Note: Glass chair Clifford Rainey is on sabbatical until fall 2013.

About Pamina Traylor

Though I graduated with an undergraduate degree in mathematics from Bryn Mawr College, most semesters I took an art class. I found that working with my hands added a physical component to the intellectual creative process posed by advanced mathematics.

While enrolled as an MBA candidate at San Francisco State University, I stumbled upon the art glass program and signed up for my first glass course the next day. The sudden interest turned into passion as I traded a planned career in business for an alternative life as an artist.

On a new path in education, I earned my MFA from the Rochester Institute of Technology and completed additional studies at the Haystack Mountain School of Crafts and the Pilchuck Glass School with Maestro Lino Tagliapietra, among others.

Maestro Tagliapietra instilled in me an incredible reverence and love for glass, which I strive to pass on. I feel privileged to work with a material as enchanting as glass and to share that enthusiasm with my students.

For eight years I served as a board member of the Glass Art Society, the international organization for the field of glass art. Participating on the board provided service to the broader community and kept me in touch with a wide spectrum of international glass artists.

The glass community is especially close as a result of the collaborative nature of working with the medium. This connection allows me to keep abreast of new technologies, hear about opportunities for students, and grow as an artist and educator.

Work

Much of my current work combines glass and other materials, with some sculptures using glass to magnify and distort text and photographic images to convey how ideas are distorted when we communicate with each other . . . how what you say is different from what is heard.

The ambiguity of language is a common theme in my work.

In 2003, spurred by an interest in slow food, my partner and I began cultivating an urban garden, growing a large percentage of the food we eat. In fall of 2007, I served as a guest teacher at the Osaka University of Art, Japan.

Being of Japanese descent, I took the opportunity to explore my heritage and experience Japanese culture firsthand. My new work reflects both my time in Japan and an interest in how our food and agriculture choices affect the rest of the world.

Collaboration

CCA faculty, staff, and students outside the Glass Program have the chance to propose a project and collaborate with an experienced glass artist to complete it.

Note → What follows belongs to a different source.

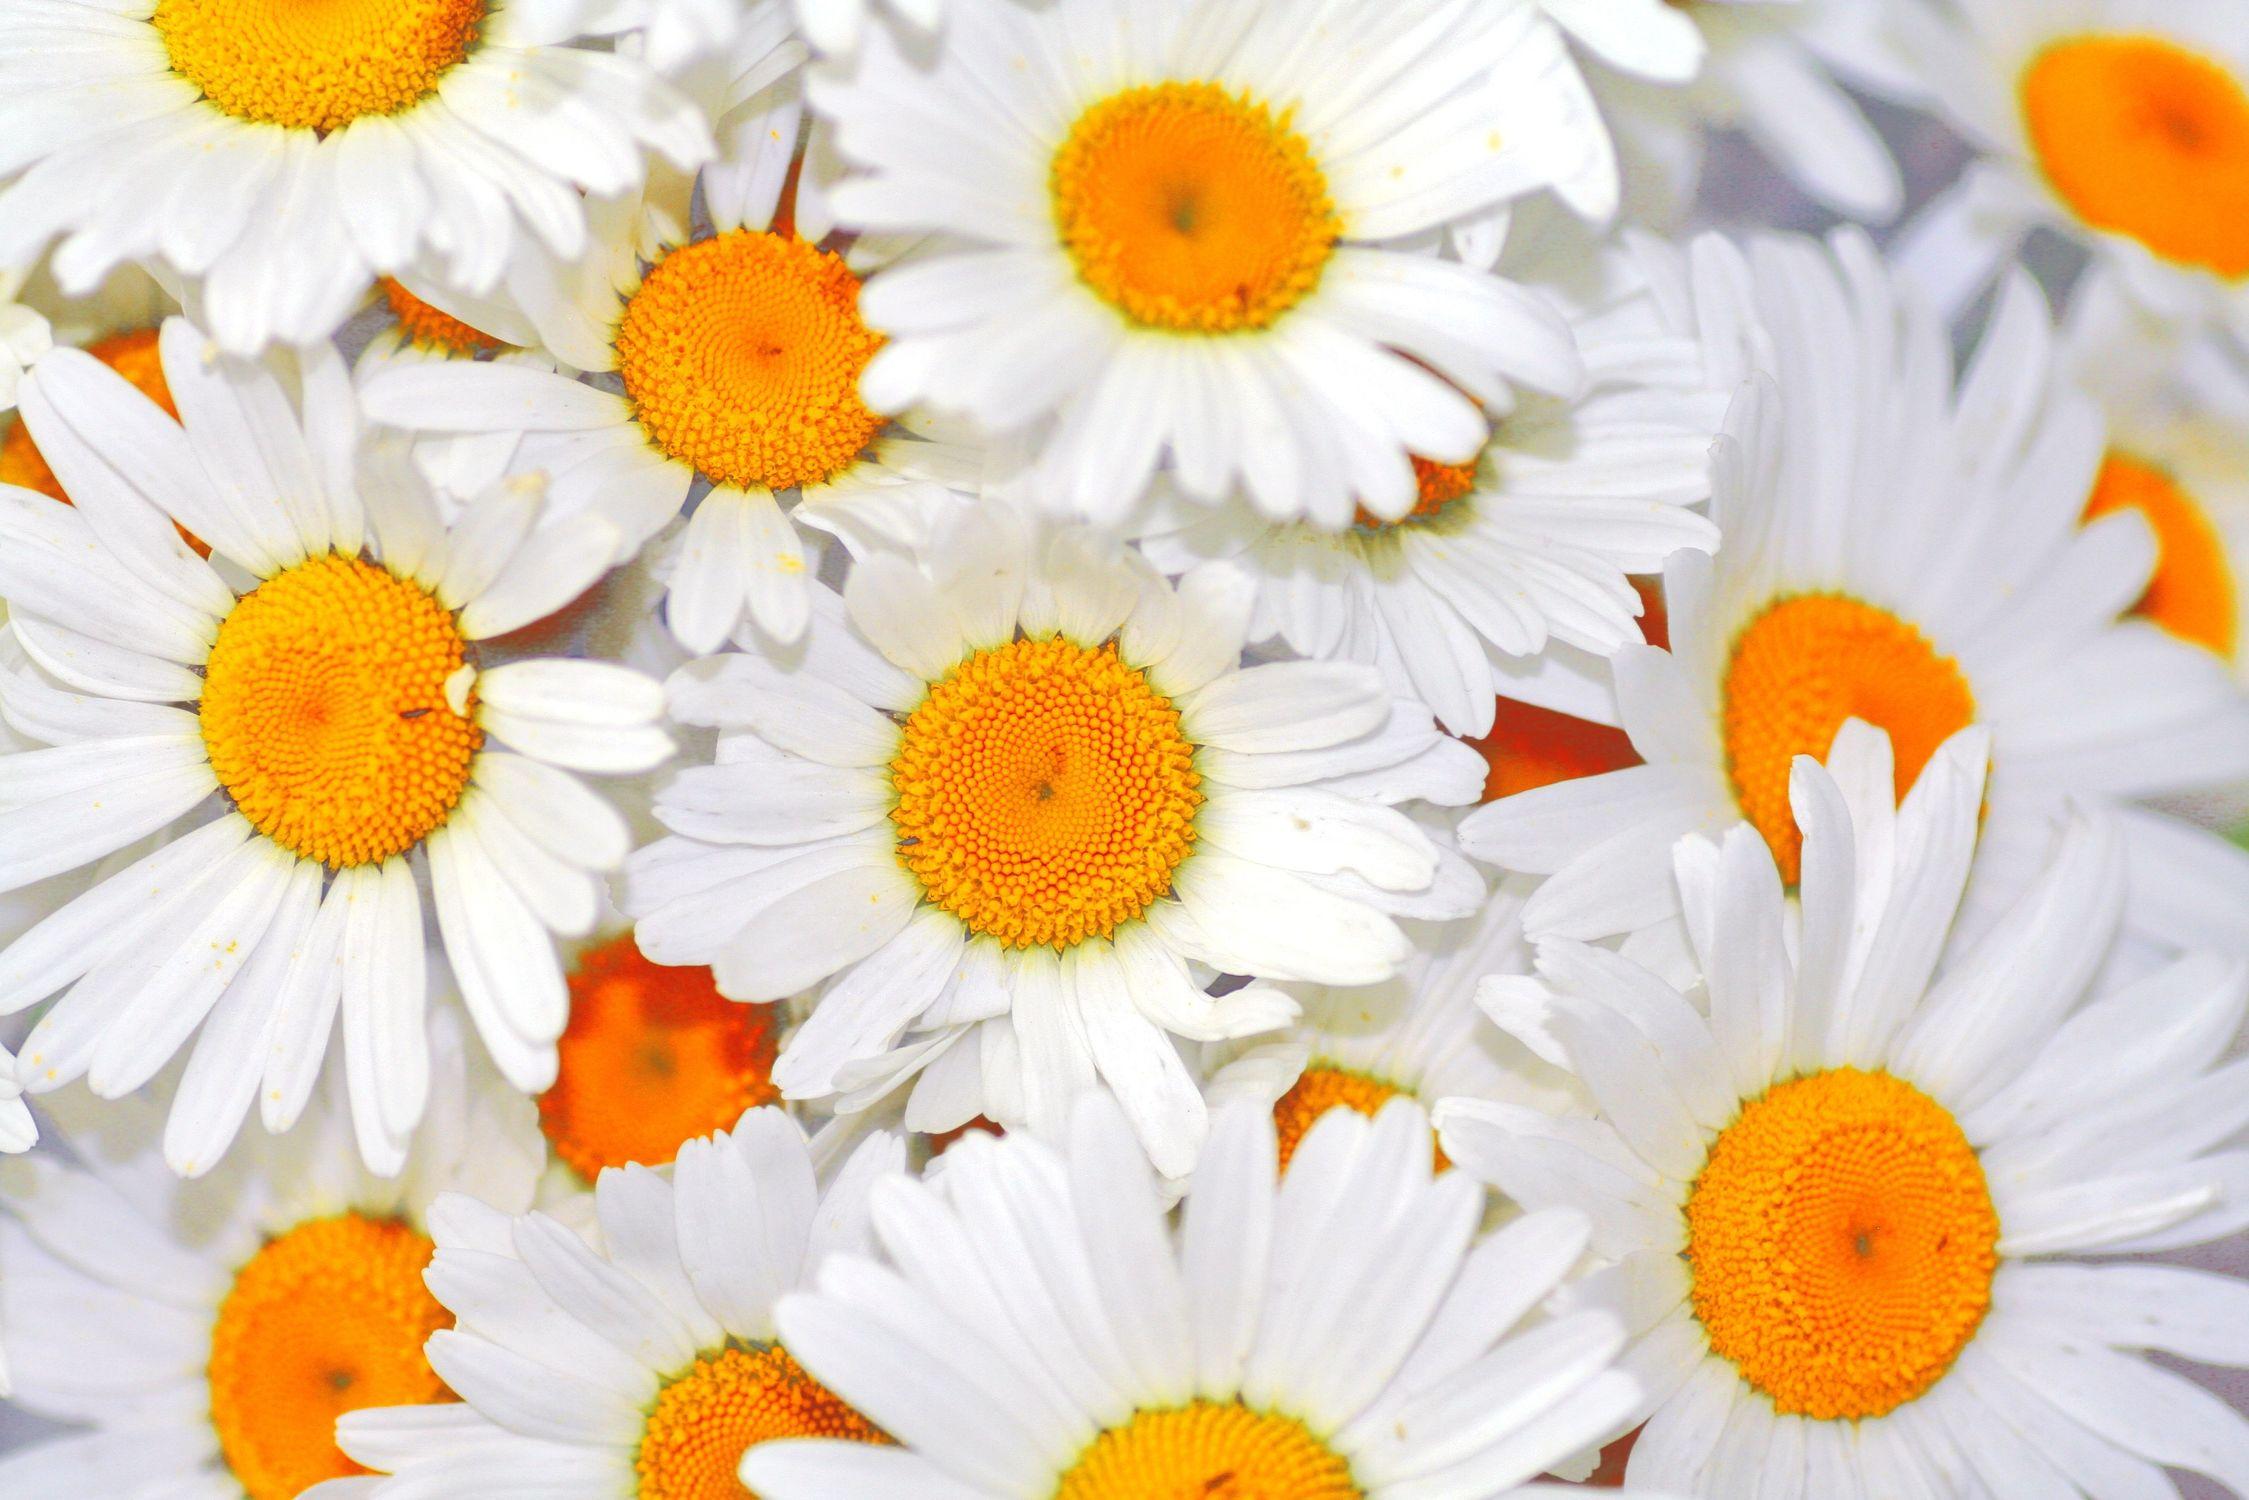 Bild mit Natur, Pflanzen, Blumen, Korbblütler, Gerberas, Kamillen, Blume, Pflanze

The Glass Studio hosts a weekly Sandcasting Night and Gaffer’s Slot (scheduled glassblowing by advanced glassblowers), which give others who are not currently enrolled in a Glass course the opportunity to use the Glass Studio.

This spring we will host students from Osaka University of Art (OUA) who will participate in the “Collaboration and Innovation” program that represents a mingling of Western and Eastern influences.

This cross-cultural collaborative workshop between students from CCA and OUA will feature student lectures, joint work, and fieldtrips to galleries and studios.
Glass Faculty

Our Glass faculty members are dedicated teachers and mentors with diverse approaches to glass, creating work that spans the range of figurative to abstract and design work to large-scale public commissions.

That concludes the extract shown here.